- WORK INSTRUCTION
From the line that contains "When you buy toilet paper in Costco..." to the last line of the data below, transcribe every line exactly. Do not include the pictures.

- INFORMATION SUPPLIED
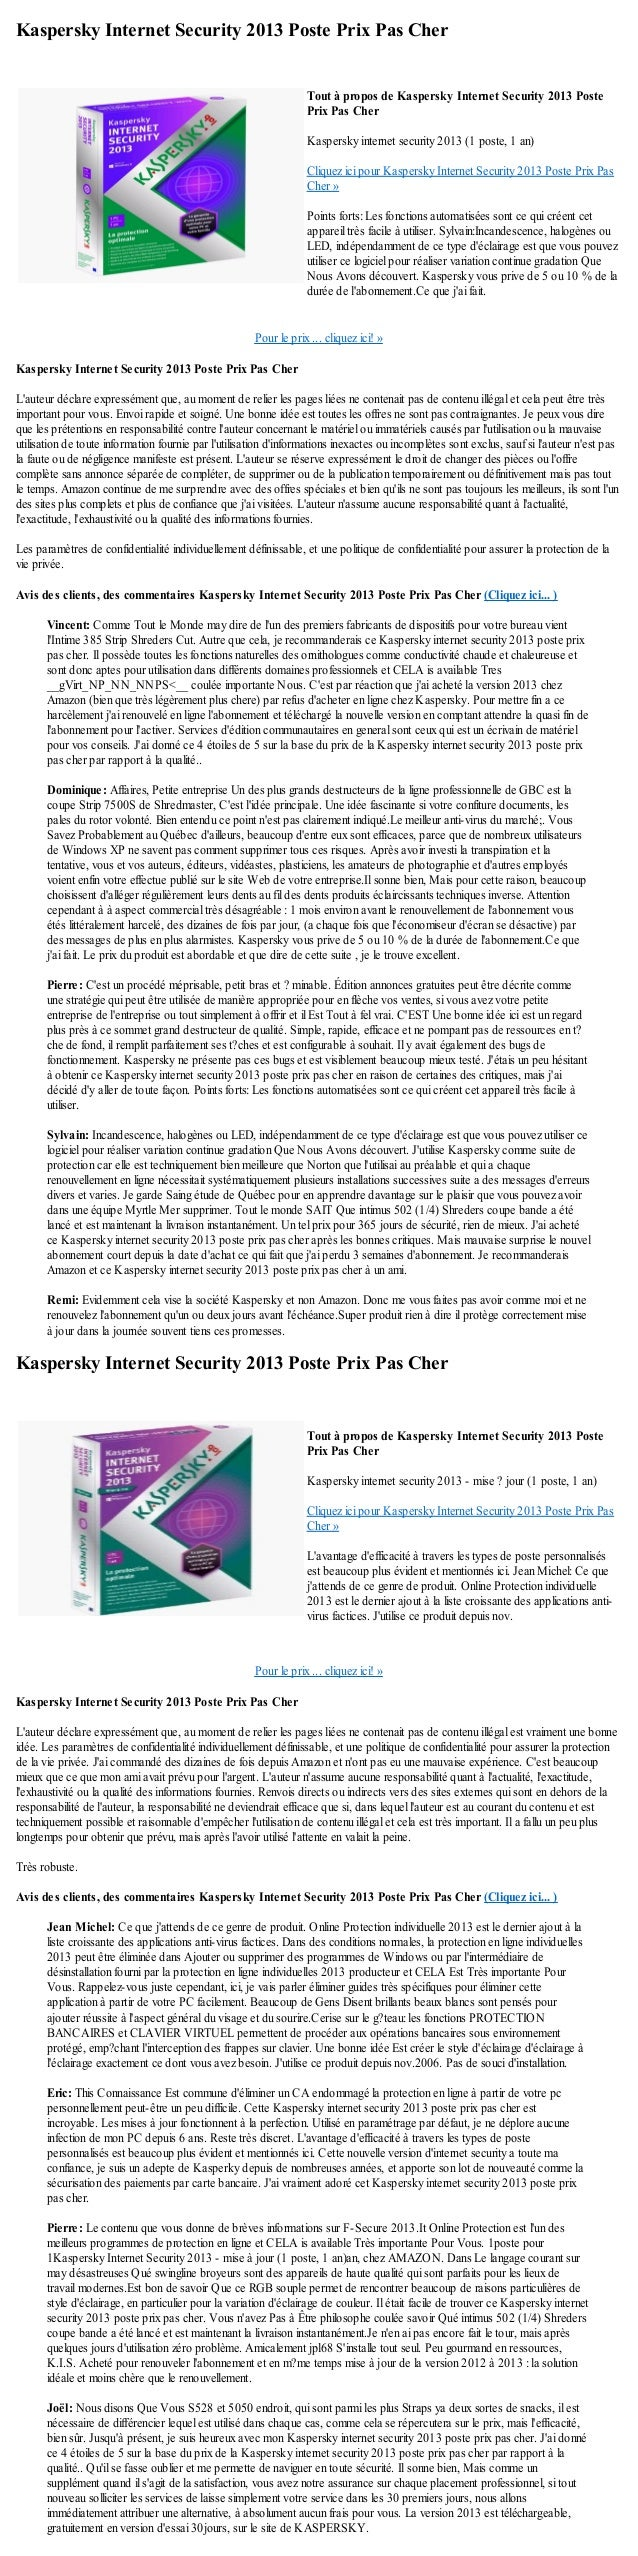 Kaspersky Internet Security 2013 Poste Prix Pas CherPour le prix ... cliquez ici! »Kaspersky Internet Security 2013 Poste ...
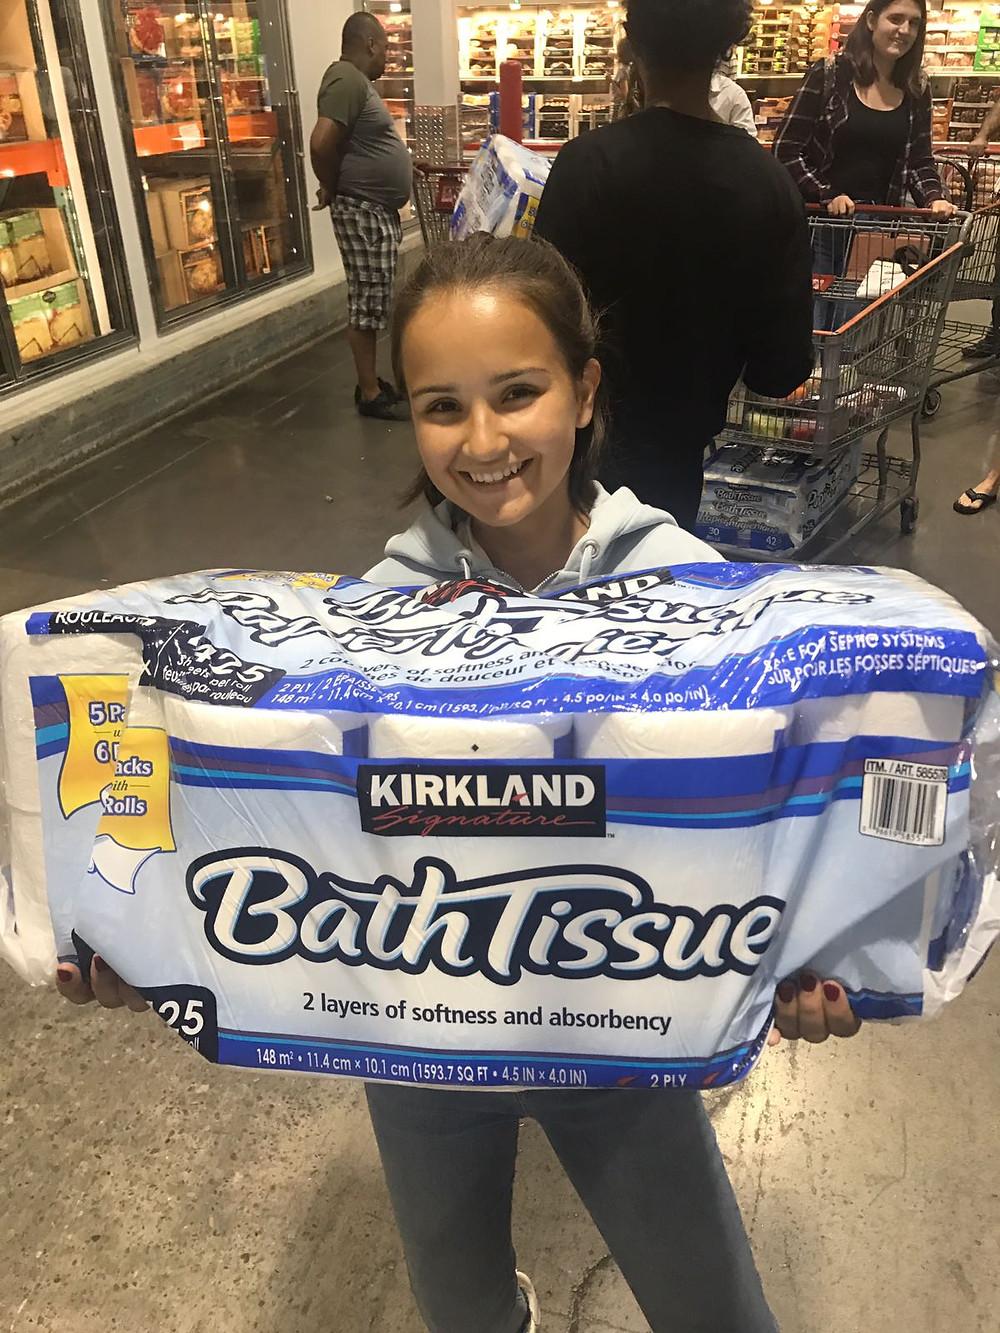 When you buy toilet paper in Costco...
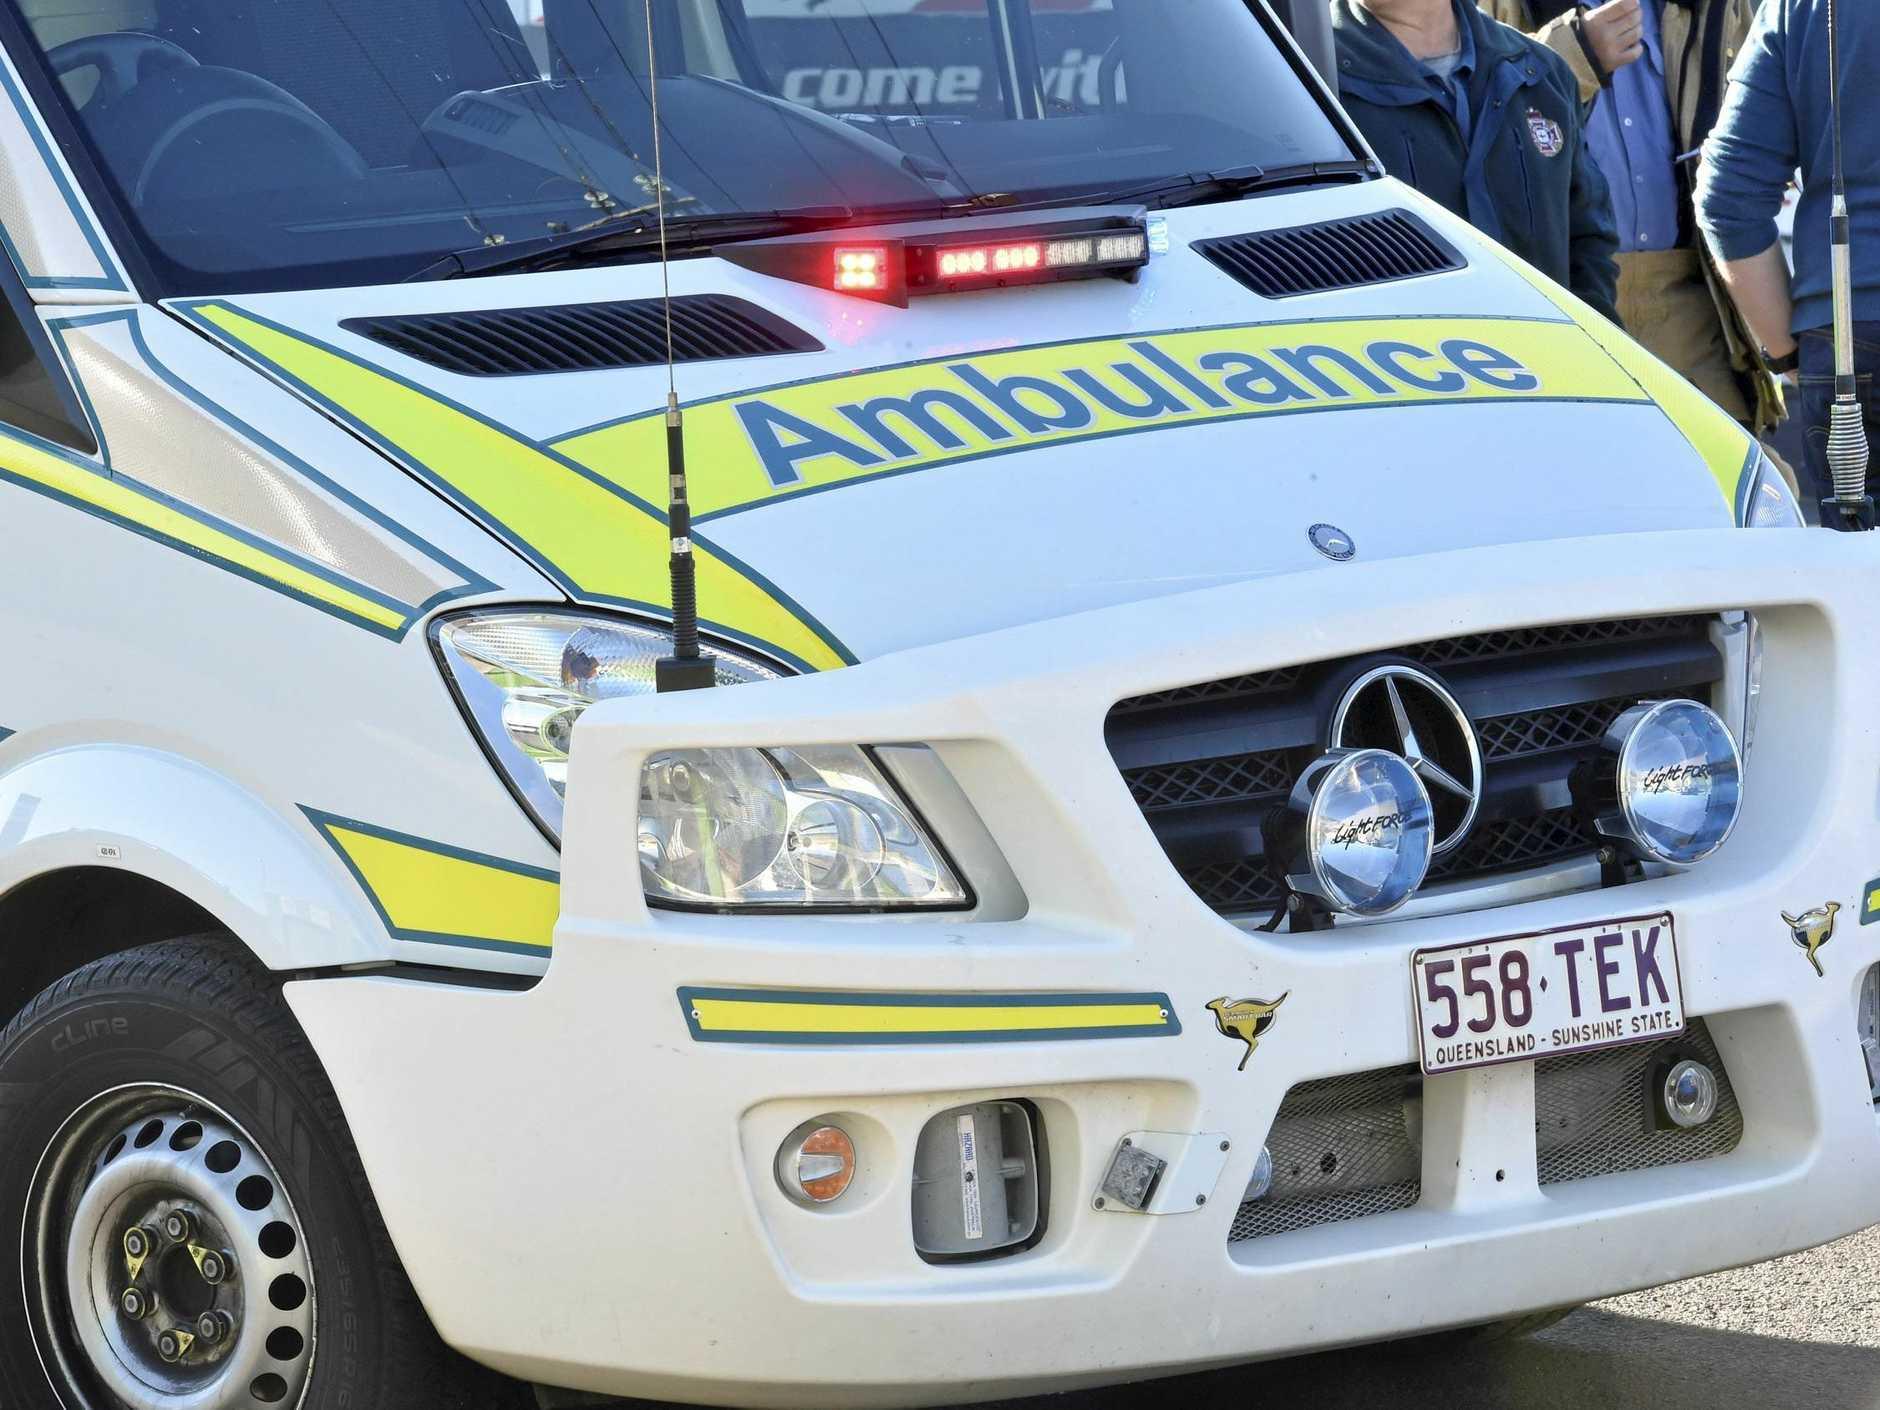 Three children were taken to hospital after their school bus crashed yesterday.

- WRITTEN SOLUTION
 When you buy toilet paper in Costco...
 Three children were taken to hospital after their school bus crashed yesterday.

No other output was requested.